One night his family plays the game Taboo. The score isn’t important to them. Armando’s mother mainly stays silent anyway. This time Armando draws the word tower. The taboo words eliminate most of the clues he would use, so he starts out with “It’s tall, straight, and long,” and before he says another word his mother shouts “Penis!” Armando, his father, and his sister freeze for an instant, dumbfounded, and then his mother laughs, and laughs again, and her giggles swell into full-throttle, full-belly roars. The implausible sound fills the room, and she sits up and doubles over, grabbing at her belly.

“Penis,” she says, and her eyes water and she laughs and hoots and snorts uncontrollably, and Armando’s sister and he laugh, and his father wipes at his eyes, and his mother keeps saying “Penis” and busting up and grabbing at her stomach, and she can’t stop herself and they don’t want her to stop, and she roars then says, “It hurts.

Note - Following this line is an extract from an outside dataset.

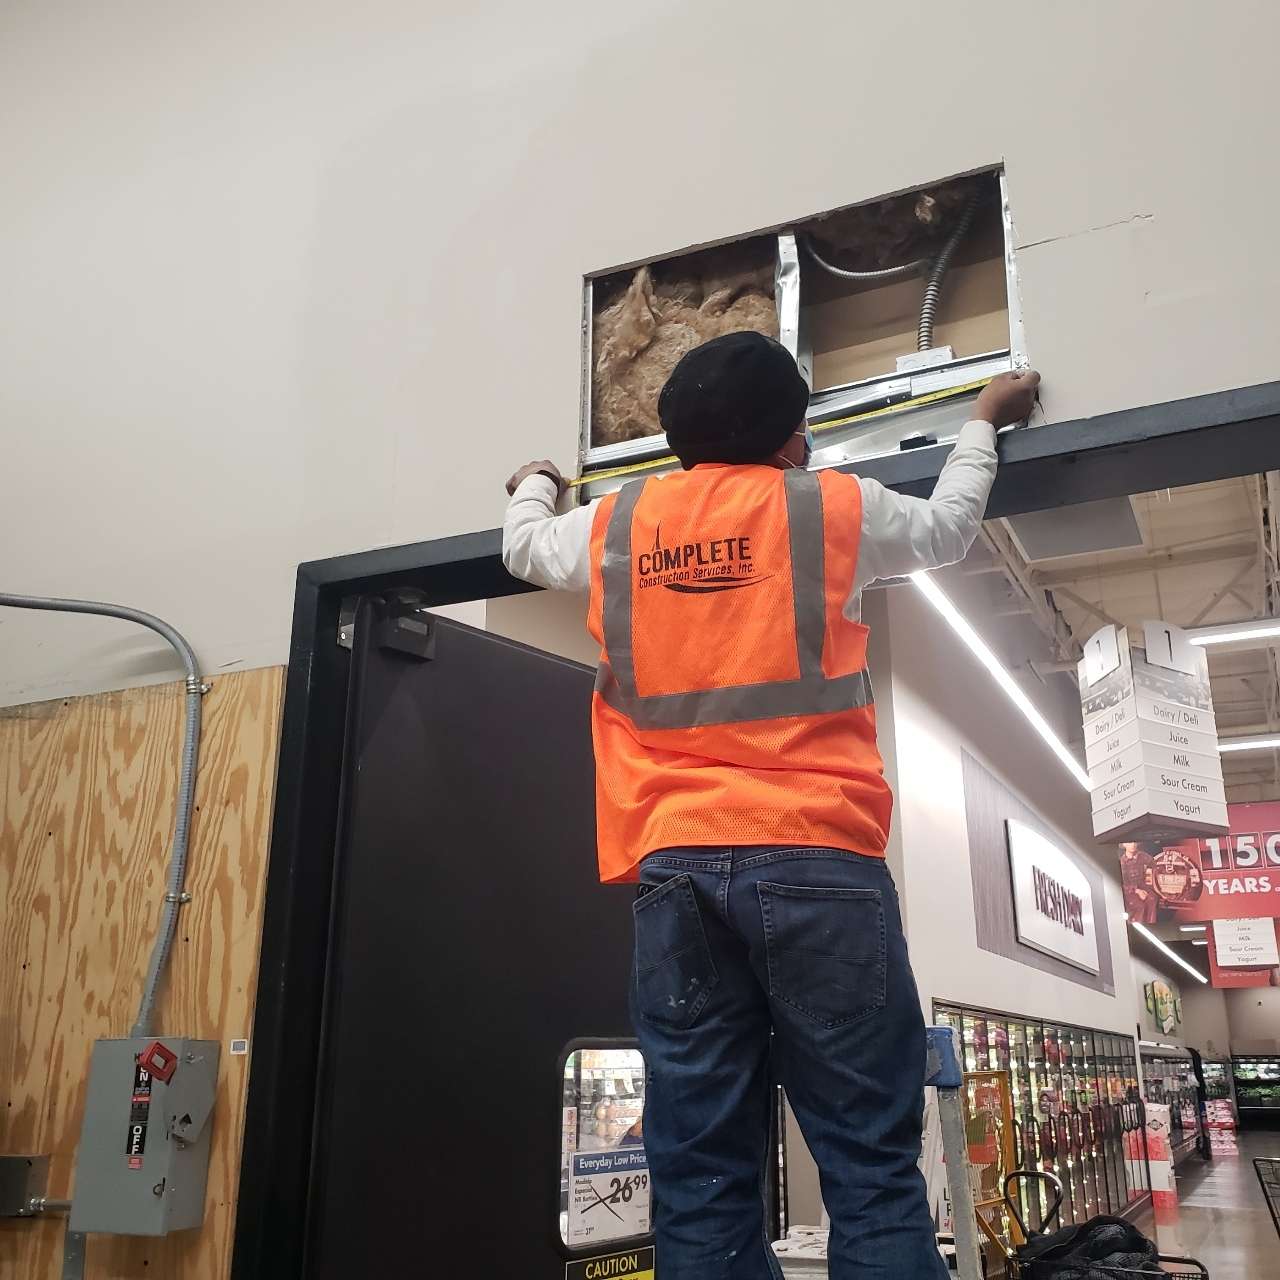 person fixing the signage above a grocery

It hurts,” and she grabs her body, and all of them know she’s in pain, but she keeps laughing.

“It hurts,” she says, and her cheeks are wet with tears, and she presses her hands to her midsection.

“Stop,” she says. “Stop it.” But she can’t stop, and she laugh-speaks “Help,” but it takes them a while to understand, so his mother says, “Help me,” and his father rises and goes to her. He places his hands on her stomach and asks, “Here?”

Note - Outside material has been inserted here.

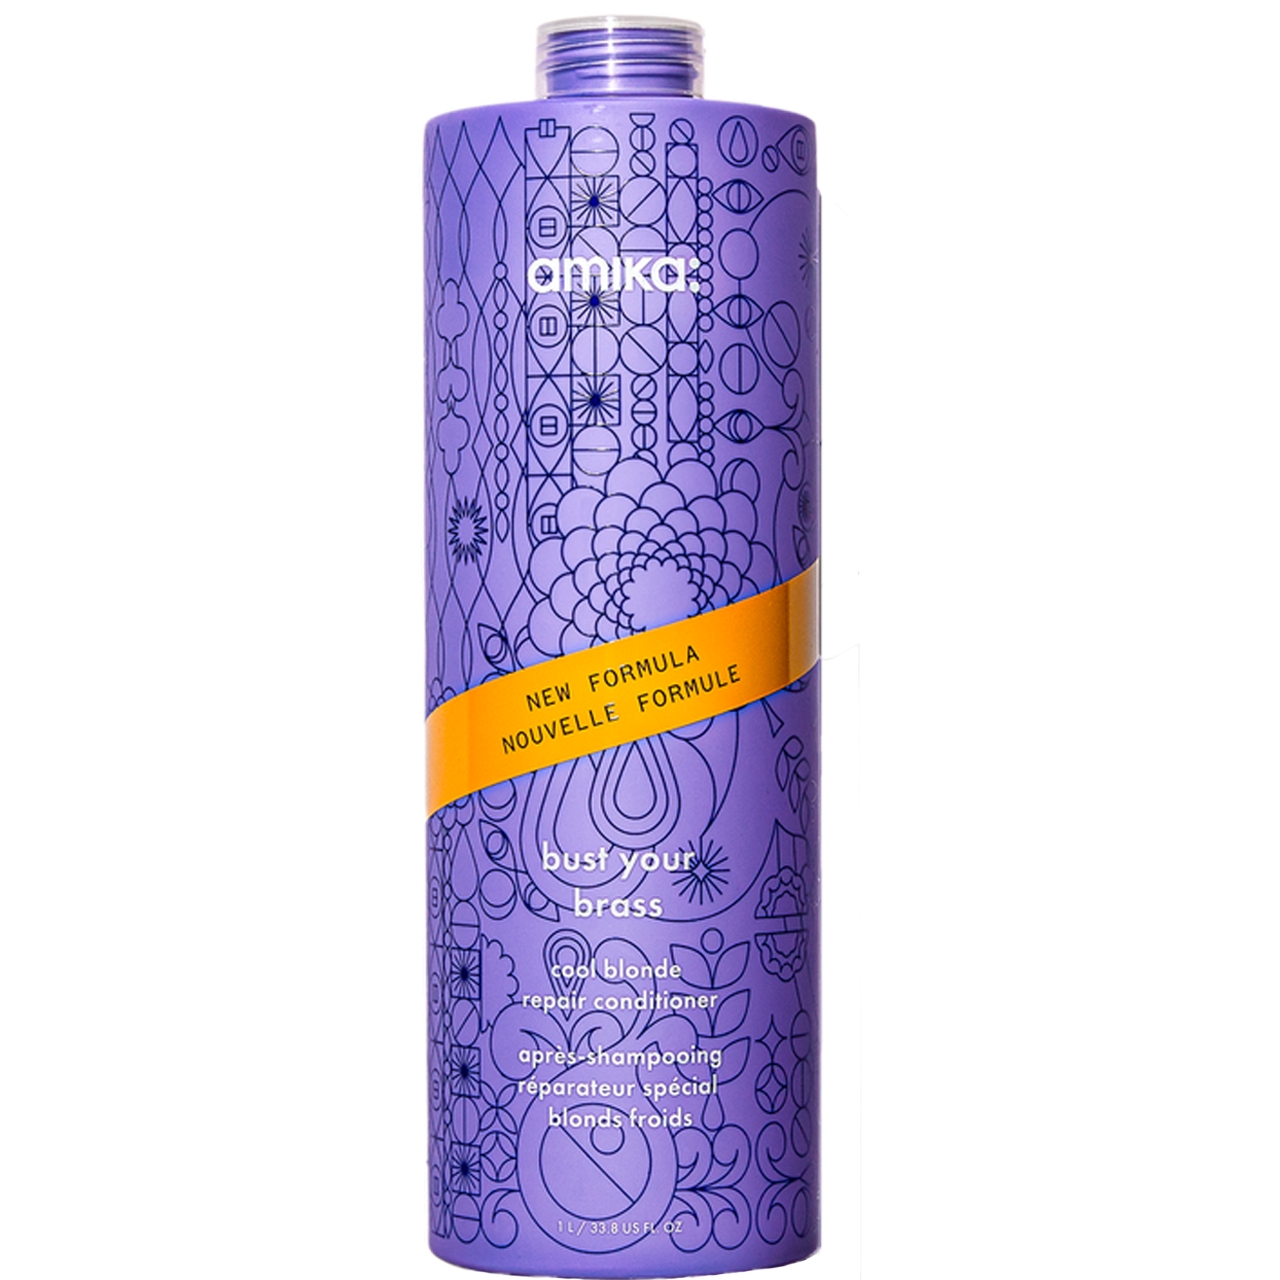 amika: bust your brass cool blonde repair conditioner Liter

“Yes,” she says, her laughter swiftly shifting to groans. “Press.” Armando’s father presses his hands and they sink into her scarred belly. His mother brings her hands to her face and wipes at her cheeks.

“Harder,” she says, so his father presses further in, and she moans and clenches her hands. When his mother calms down, his father helps her recline on the couch, easing her head down onto her favorite red pillow. With their bedtime near, Armando and his sister pick up the word cards and put the game away. His mother’s laughter still wafts in the room. They kiss their mother’s forehead and say good night. They walk down the short hallway together.

“Mom’s okay,” his sister says. “She’s getting better.”

“Yes,” he says.

“What was the secret word?” she asks.

“Tower,” he says.

“Tower,” she repeats, then pauses. “But you said ‘long.’ That doesn’t make sense. A tower isn’t long. You should have said, ‘ blank of power.’ She would’ve gotten it.” She shakes her head and turns and walks away.

One morning, after another week of his mother’s slow sink into the couch, soundless, his father comes into his room while Armando readies for school.

“She wants you to play,” he says. “It’s no big deal. Relax. But please. She’s asking for you.”

“Dad.”

“Just do it. It’s okay. I know what you’re going to say. Please.”

Armando brings his fingers to his lips and his insides evaporate. He visualizes his blind instructor, his words: “No. Again. No. Again. Are you trying? Have you practiced?” His trombone has been untouched for weeks, and he hasn’t progressed past basic scales and simple kids’ songs.